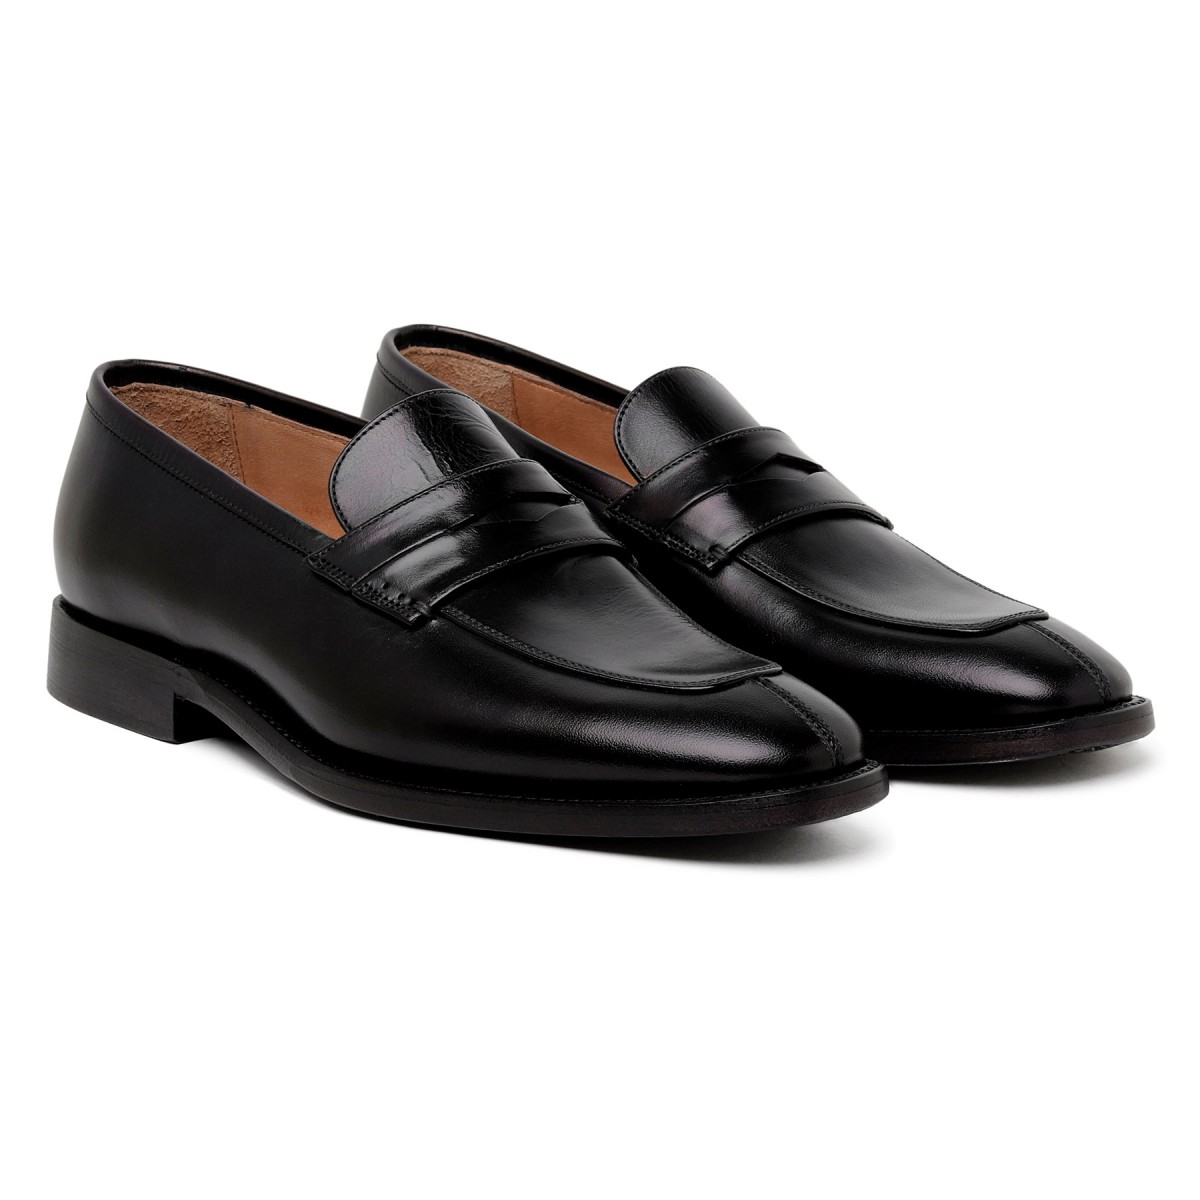 Marsiglia black leather loafers
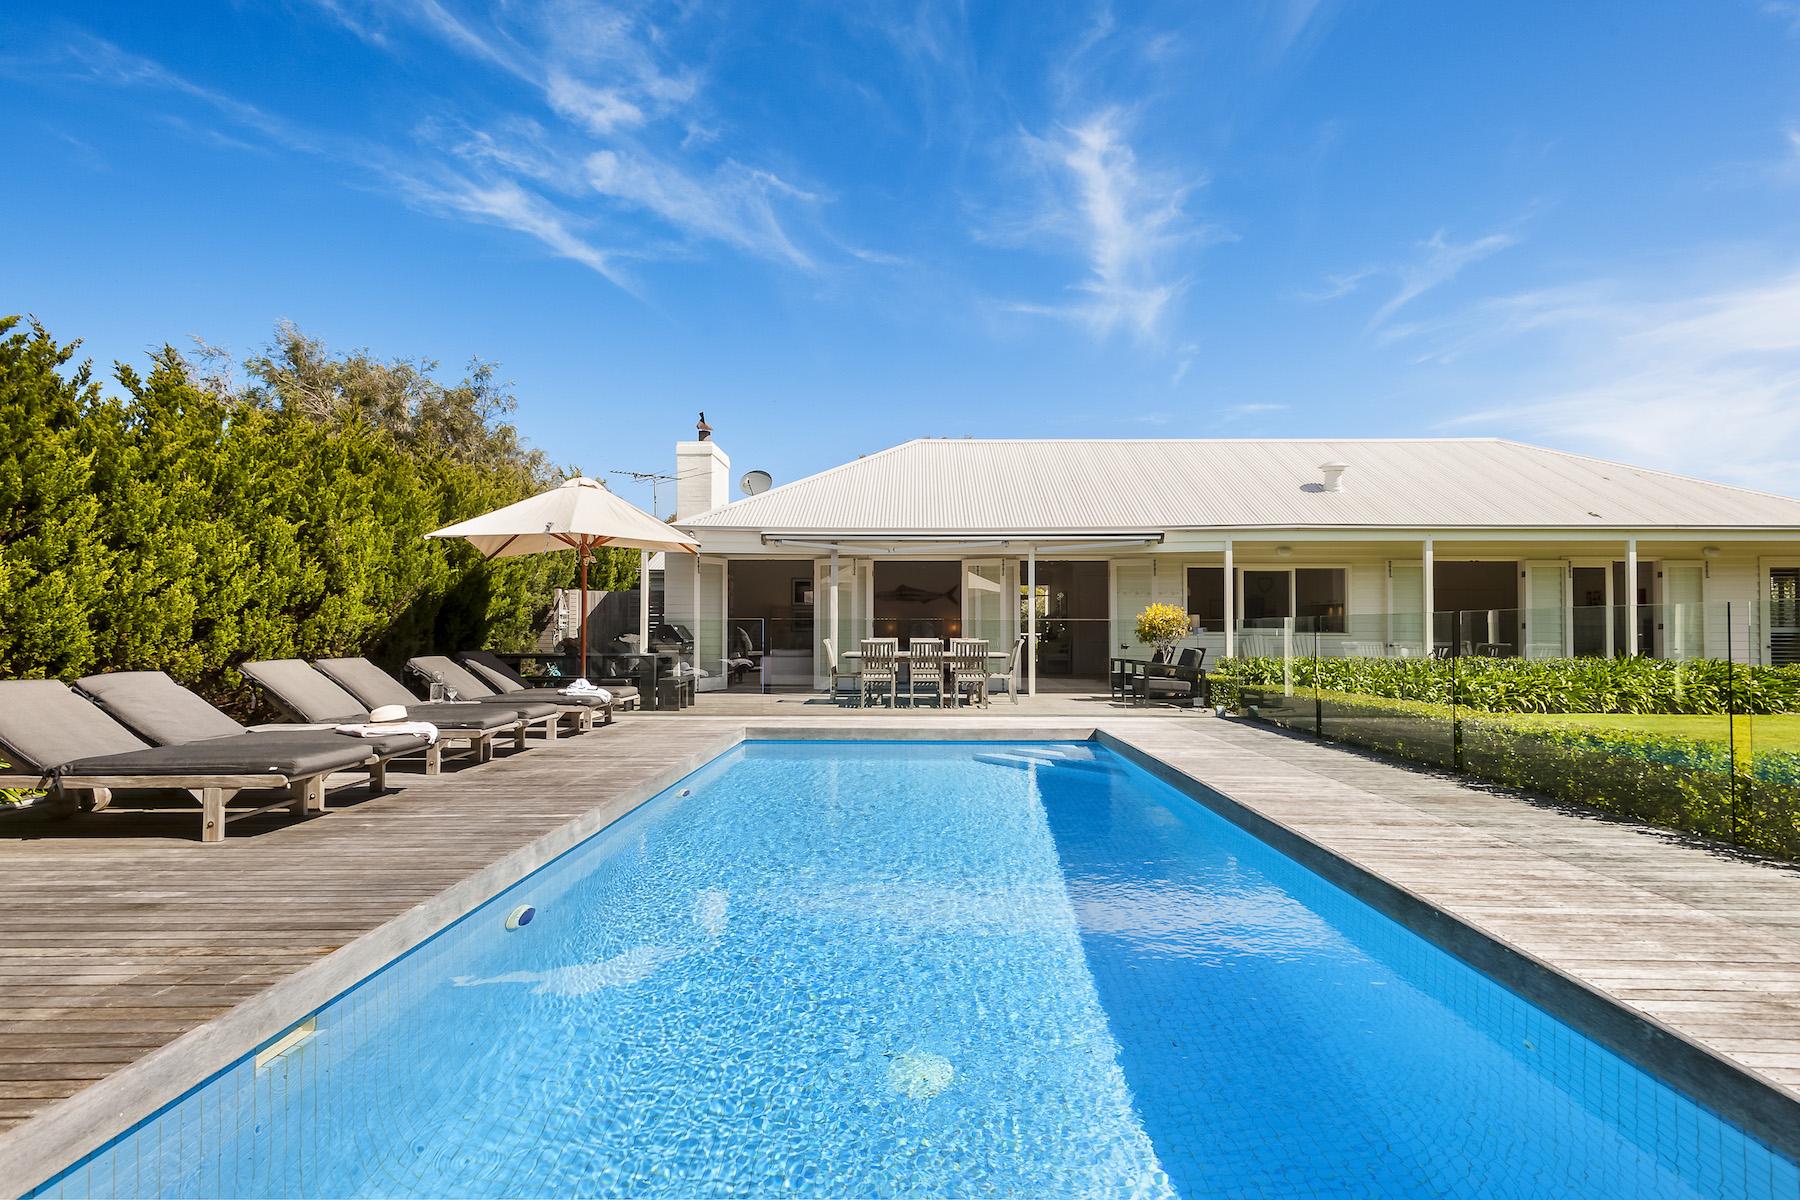 Moradia para Venda às 8 Kindra Close, Portsea Portsea, Victoria, 3944 Austrália
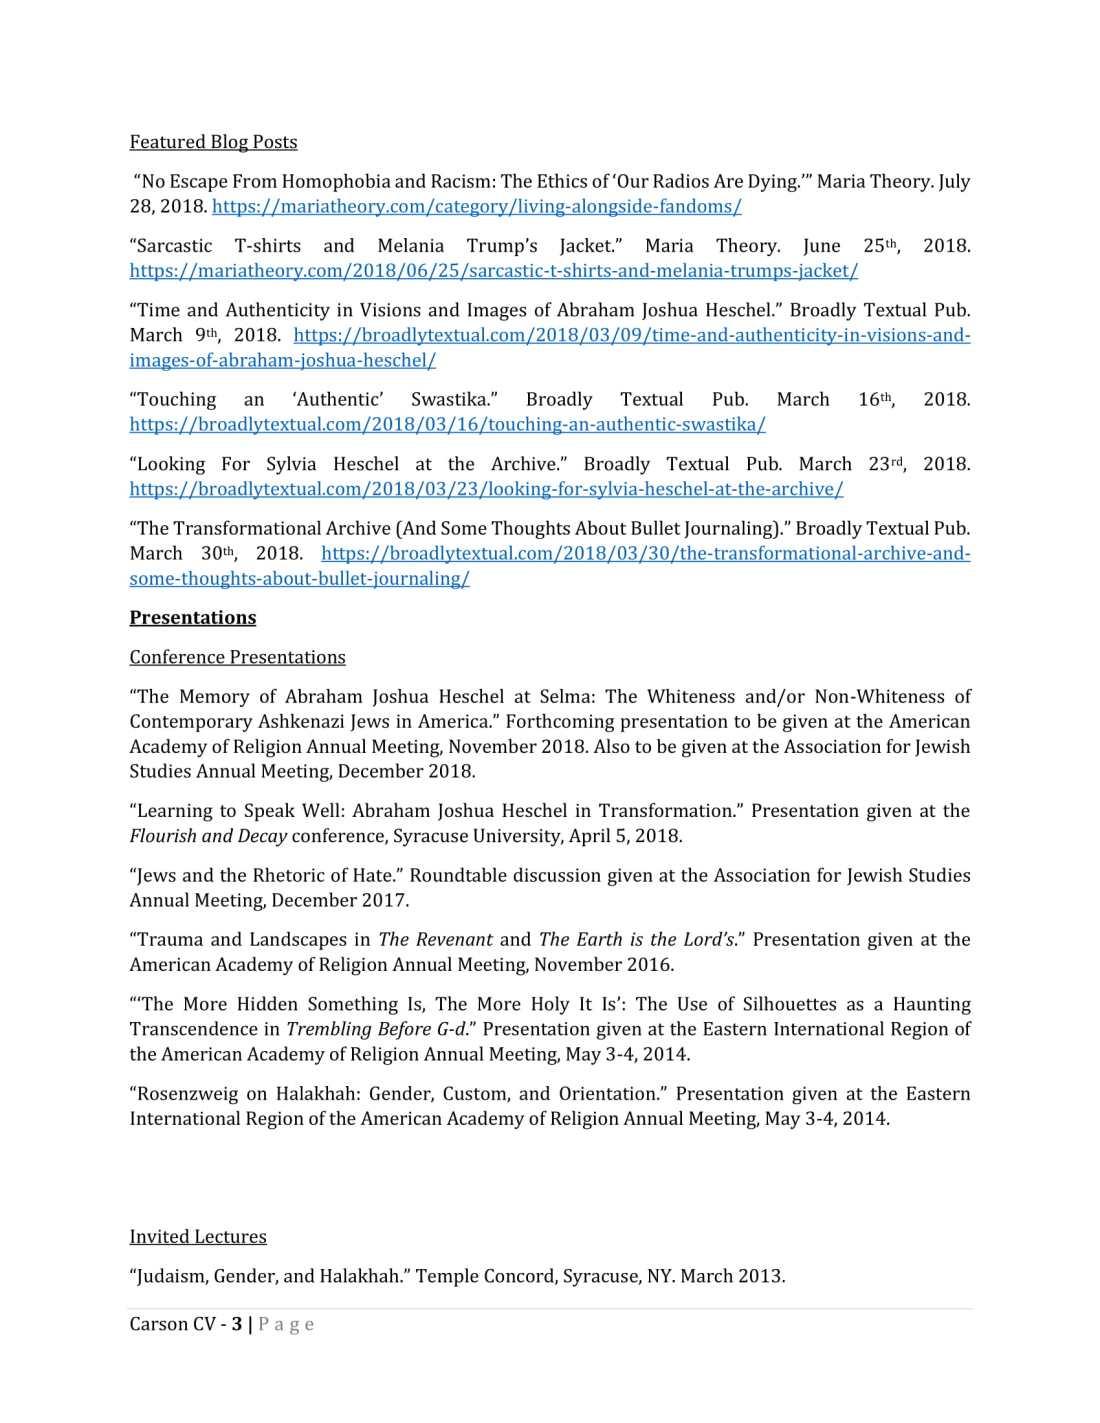 CV carson academic-3

▸ **Task goal**
A word-for-word transcription of the listing is needed, minus its images.

▸ **Expected answer**
 Marsiglia black leather loafers
 Moradia para Venda às 8 Kindra Close, Portsea Portsea, Victoria, 3944 Austrália
 CV carson academic-3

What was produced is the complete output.